Schon Ötzi trug eine Hose aus Ziegenfell. Allerdings war sie lang. Die kurze, krachlederne Hose, die neben dem Dirndl traditionell ihren großen Auftritt hat bei Volksfesten, ist vermutlich den Musketieren zu verdanken. Diese trugen im Frankreich des 16. und 17. Jahrhunderts eine aus Seide geschneiderte Kniehose, eine sogenannte Culotte, die nach den Napoleonischen Kriegen zum Vorbild für die Mode auf dem Land wurde. Der Rückkopplungseffekt auf die als „Salontiroler“ verkleideten Sommerfrischler blieb nicht aus, als im 19. Jahrhundert der Country Style als Modekonstrukt von der Tourismusbranche wie von Trachtenvereinen entdeckt wurde.
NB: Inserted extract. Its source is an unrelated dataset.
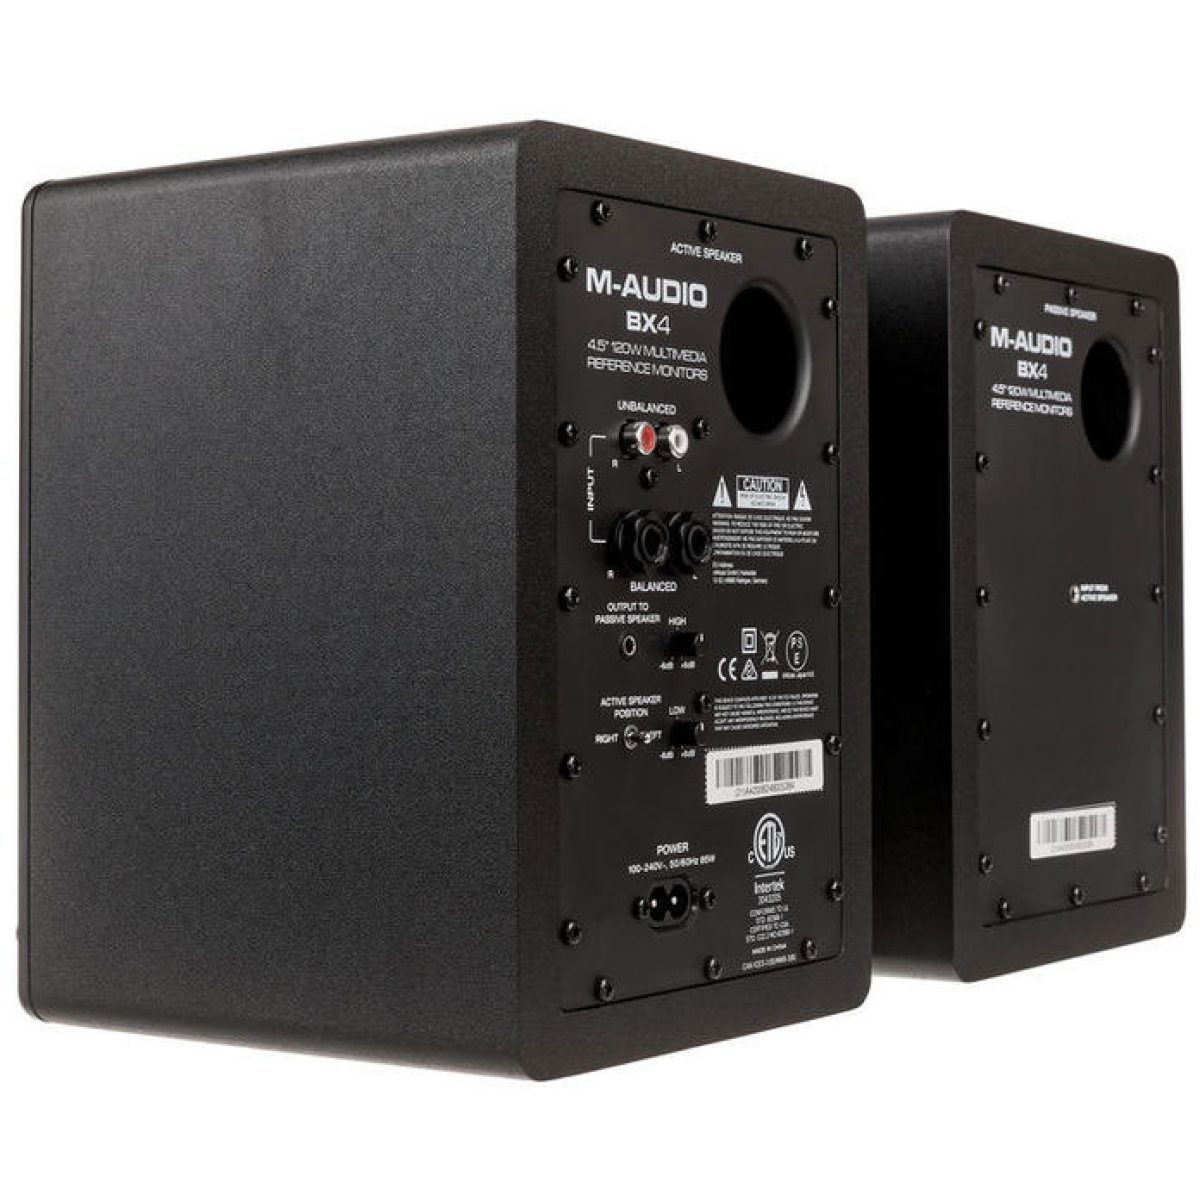 Audio bx. M-Audio bx4. M-Audio bx5 d2. M-Audio bx4 pair. Студийные мониторы комплект m-Audio bx4.

Wie wirkmächtig bis heute diese Art kultureller Austausch zwischen Stadt und Land auch ist: Kleider machen Leute. Sie spiegeln Geschlechterrollen, sind Ausdruck der Heimatverbundenheit, zählen zum Kulturgut, gehören zur Populärkultur wie zur Wertschöpfungskette.
Heute Stadtmuseum
Mode und Tracht von der Vergangenheit bis in die Gegenwart abzubilden, ist Sammlungsinhalt der Von Parish Kostümbibliothek, einer ehemals privaten Fachbibliothek, die seit 1970 zum Münchner Stadtmuseum gehört. Zu verdanken ist sie dem Pioniergeist und der Sammelleidenschaft zweier Frauen mit gleichem Namen: Mutter (1881 bis 1966) und Tochter (1907 bis 1998) Hermine von Parish. Beide schufen mit ihrer Kostümbibliothek eine wahre Institution in München.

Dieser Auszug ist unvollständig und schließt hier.